### Dataset
⟨

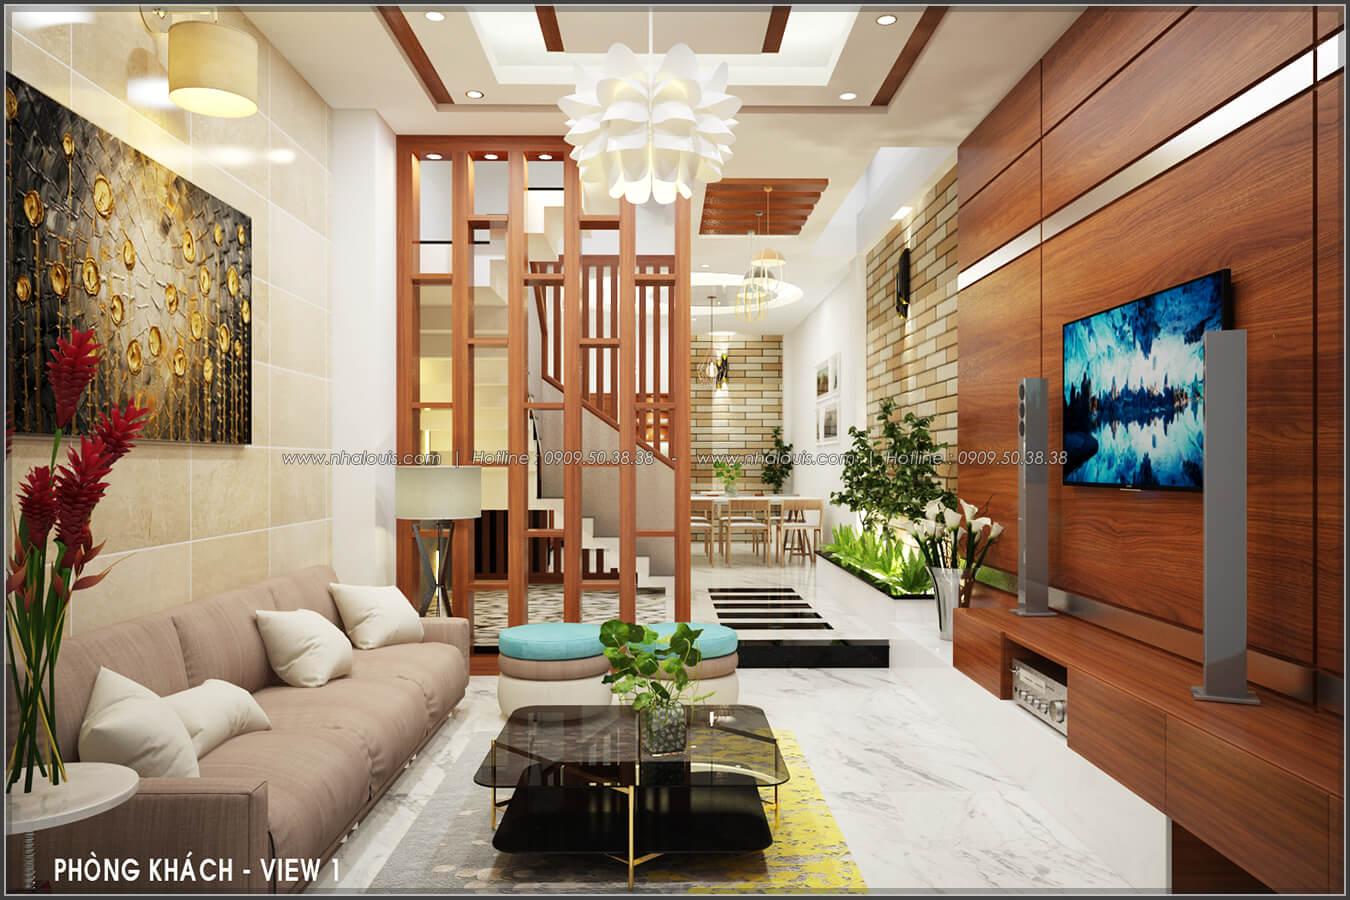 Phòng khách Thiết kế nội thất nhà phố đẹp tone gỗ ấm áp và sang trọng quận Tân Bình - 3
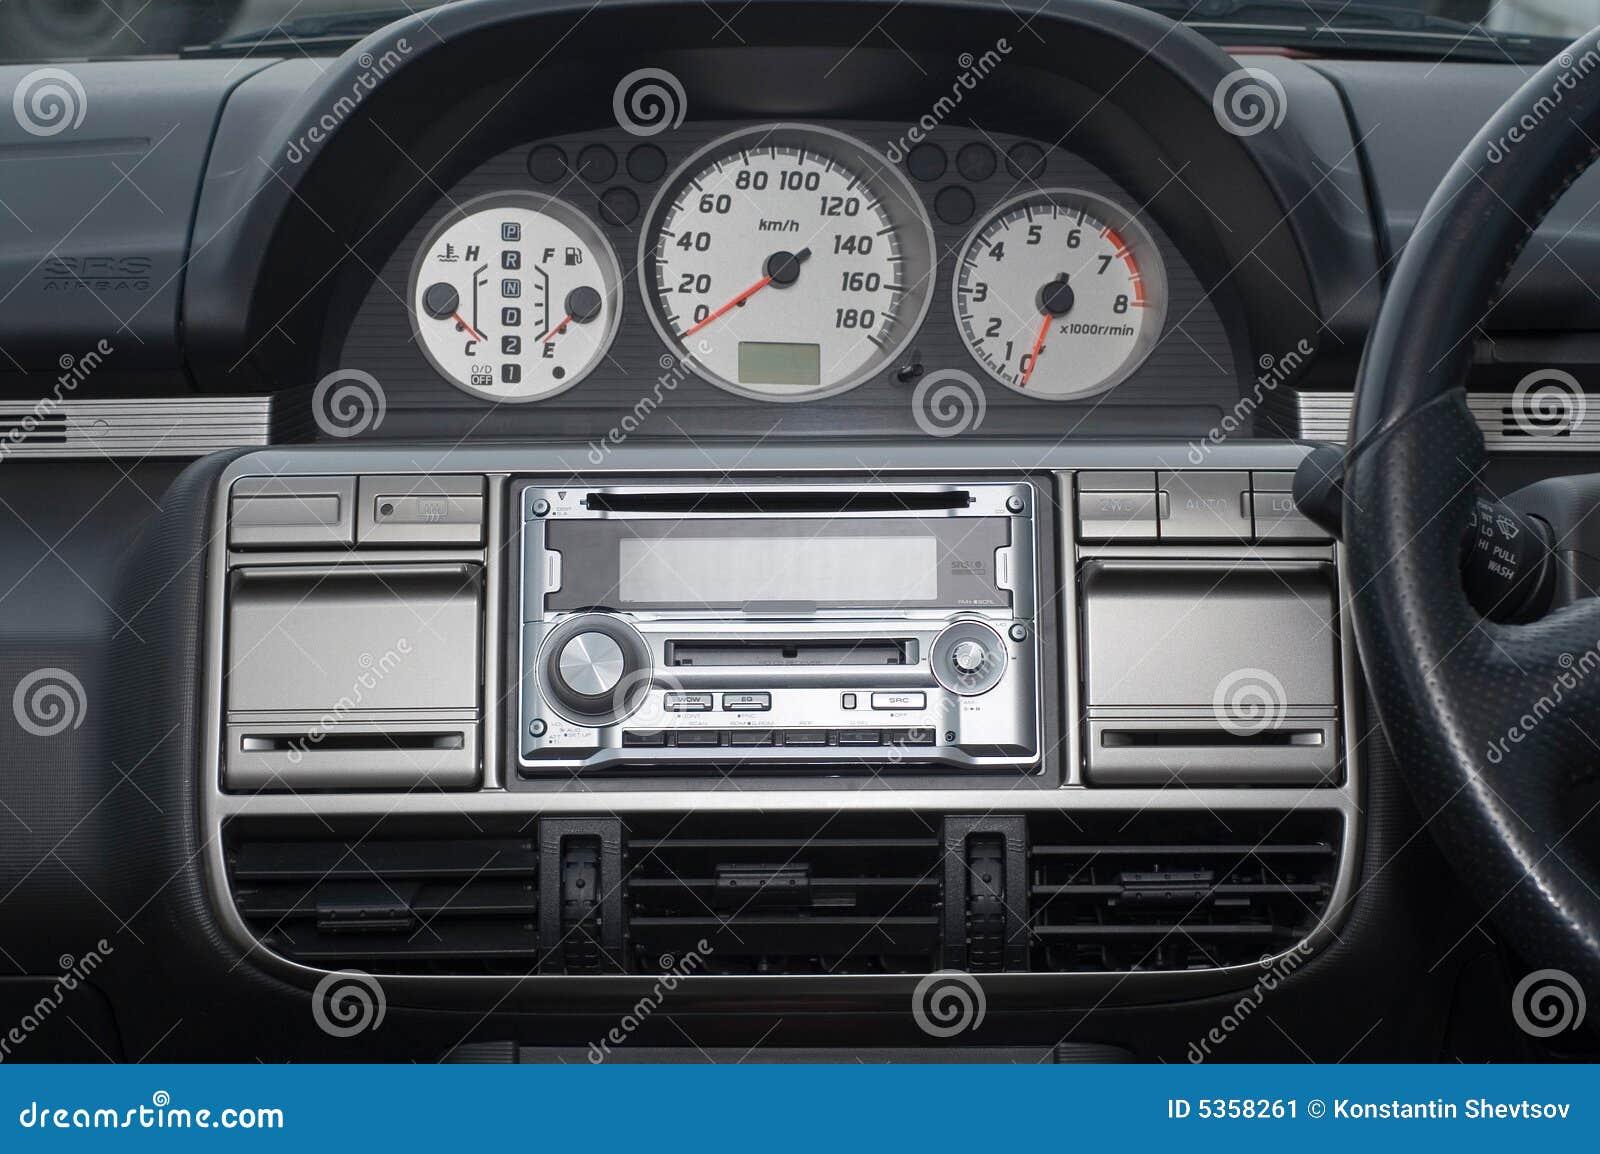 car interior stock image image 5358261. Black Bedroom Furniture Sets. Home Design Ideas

⟩
⟨

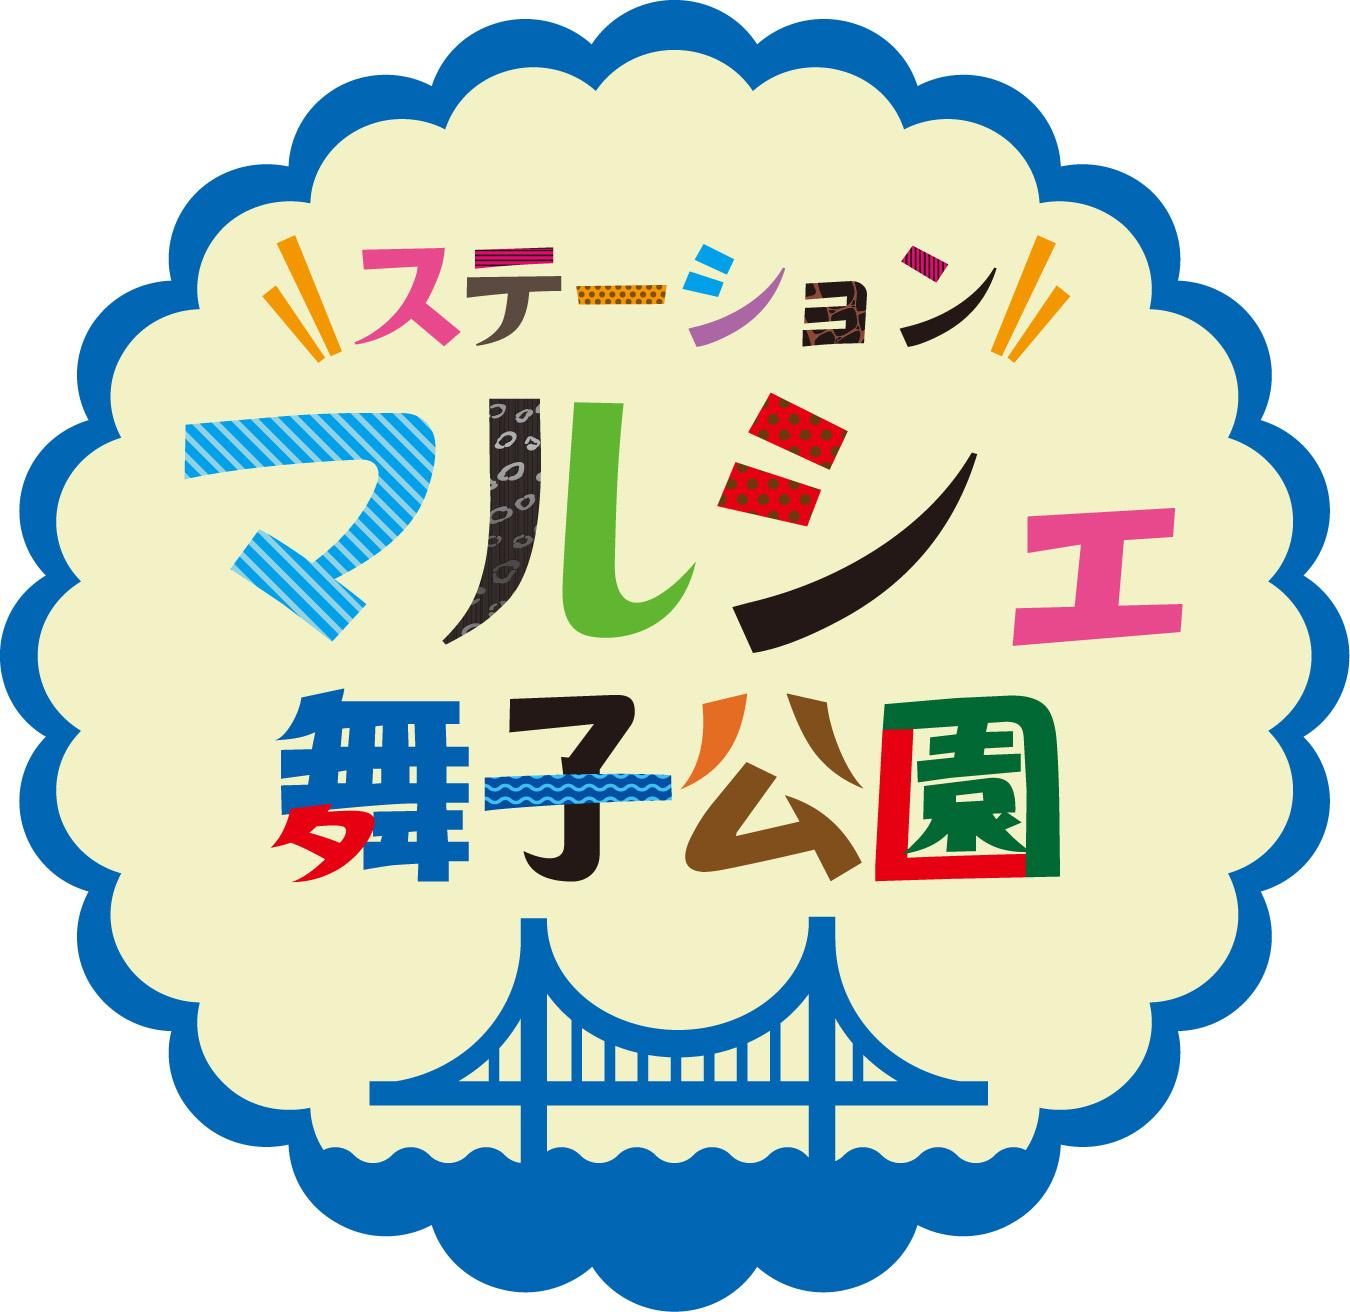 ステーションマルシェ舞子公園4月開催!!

⟩

### Exercise instructions
Going back to the data above, write out everything from the line with "Phòng khách Thiết" down to the line with "car interior stock", both included, leaving every picture out.

### Completed task
 Phòng khách Thiết kế nội thất nhà phố đẹp tone gỗ ấm áp và sang trọng quận Tân Bình - 3
 car interior stock image image 5358261. Black Bedroom Furniture Sets. Home Design Ideas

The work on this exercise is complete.